The researchers identified 501 gene alteration in the samples. Forty-one percent of the alterations were considered clinically relevant, which equated to an average of 1.8 drug-targetable genetic alterations per specimen.

Overall, 78% of all the specimens harbored at least one clinically relevant gene alteration that could be associated with a targeted therapy.

The most common clinically relevant alterations identified included KRAS (16%), CDKN2A (14%) CCND1 (9.5%), ERBB2 (8.5%) and PIK3CA (8.6%). Other common alterations identified for which there are no approved targeted therapies available included TP53 (50%), ARID1A (24%) and CDH1 (15%).

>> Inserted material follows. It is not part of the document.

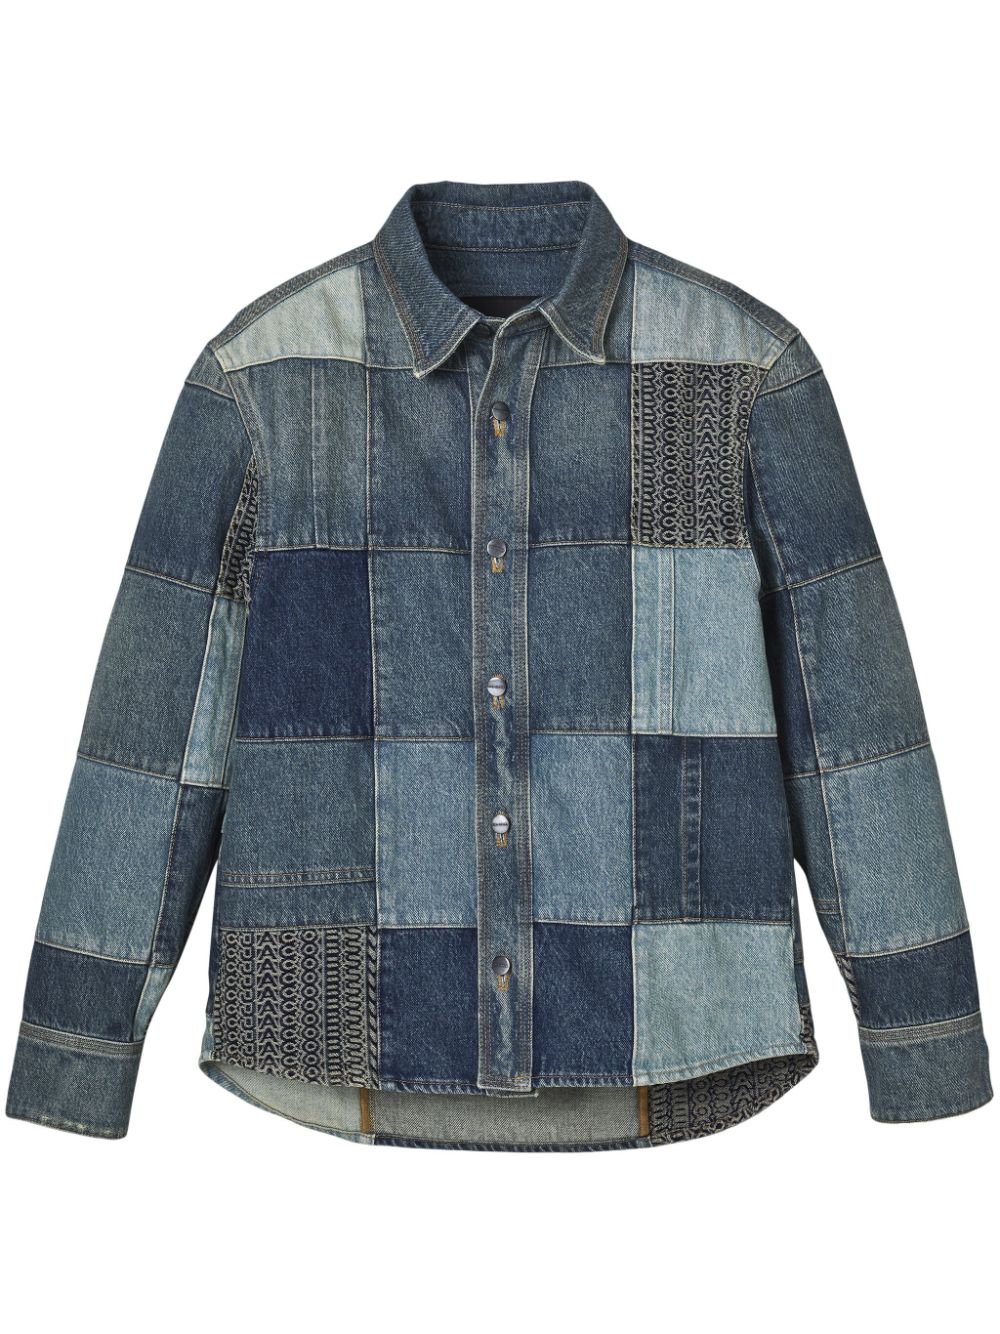 Marc Jacobs patchwork denim shirt - Blau von Marc Jacobs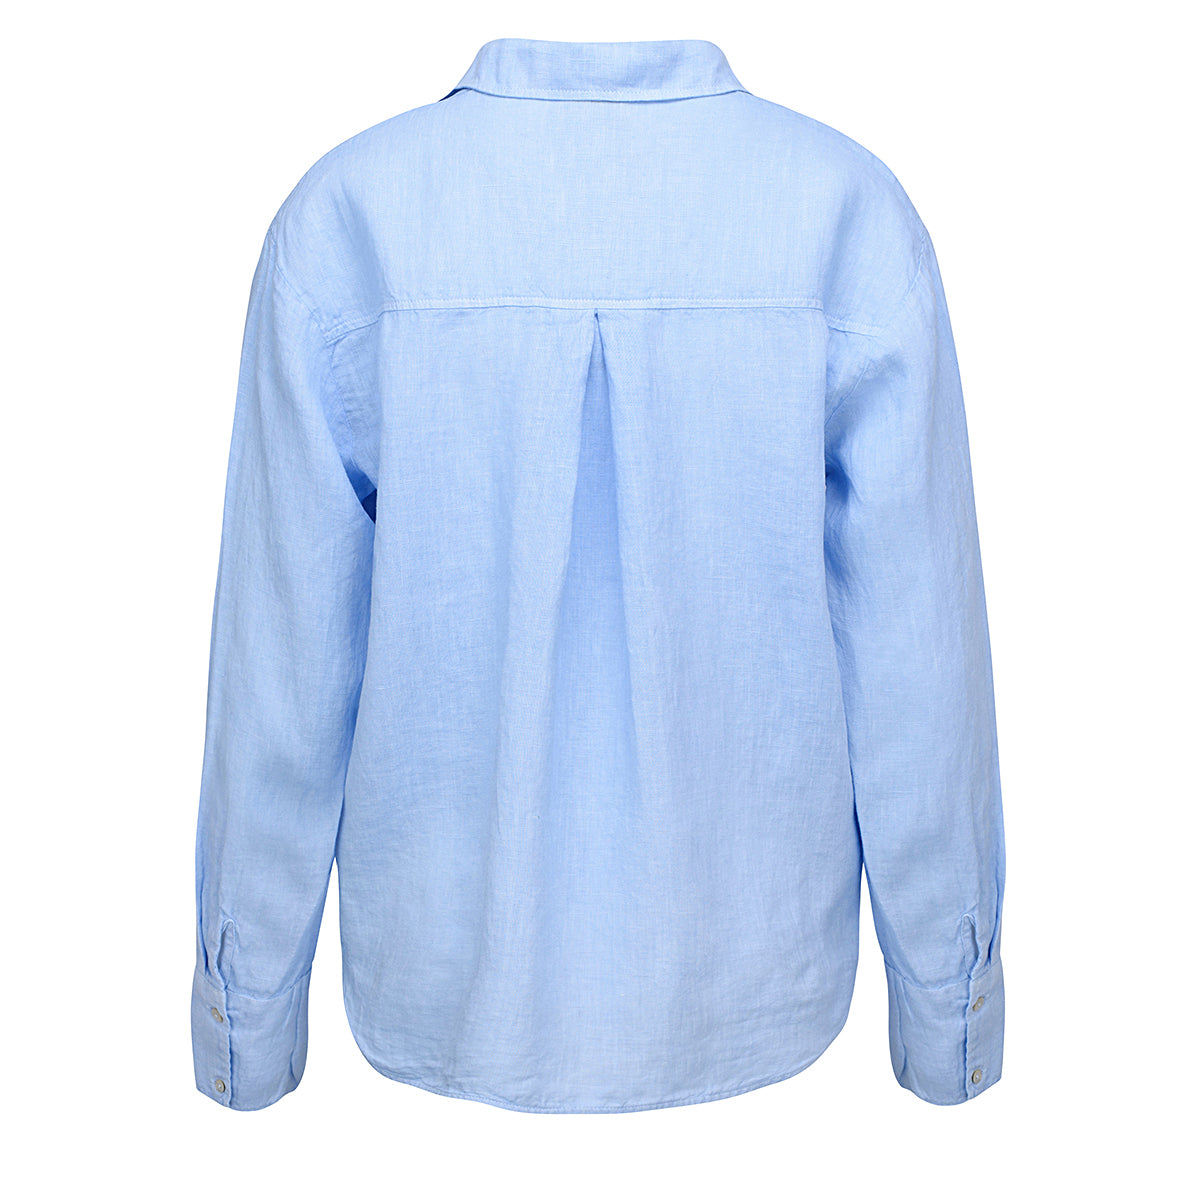 LUXZUZ // ONE TWO Kitt Shirt Shirt 510 Chambray Blue

Further, 20.6% of the specimens had receptor tyrosine kinase signaling pathway alterations — primarily ERBB2, FGFR2 and MET amplification — that are associated with current or developing targeted therapies in other tumor types.  

The researchers said one patient with MET-amplified gastric cancer was treated with crizotinib (Xalkori, Pfizer), a multi-targeted ALK/ROS1/MET inhibitor approved for the treatment of non–small cell lung cancer. That patient experienced a response for 5 months.

“The high frequency of clinically relevant gene alterations in a population reflective of routine clinical practice highlights potential therapeutic avenues in a disease with historically low responses to current therapies and overall poor survival,” Samuel Klempner, MD, study researcher and assistant clinical professor in the division of hematology/oncology in the department of medicine at the University of California Irvine School of Medicine, said in a press release. “The patient response to MET inhibition encapsulates the genotype-directed approach and underscores the need for molecularly directed clinical trials to confirm observations such as [those] seen in our study.” – by Anthony SanFilippo

Disclosure: The researchers report employment with or stock ownership in Foundation Medicine Inc. They also report honoraria and research funding from and consultant/advisory roles with Amgen, Bayer, Bristol-Myers Squibb, Caris Life Sciences, Celgene, Genomic Health, Incyte, Insys and Pfizer.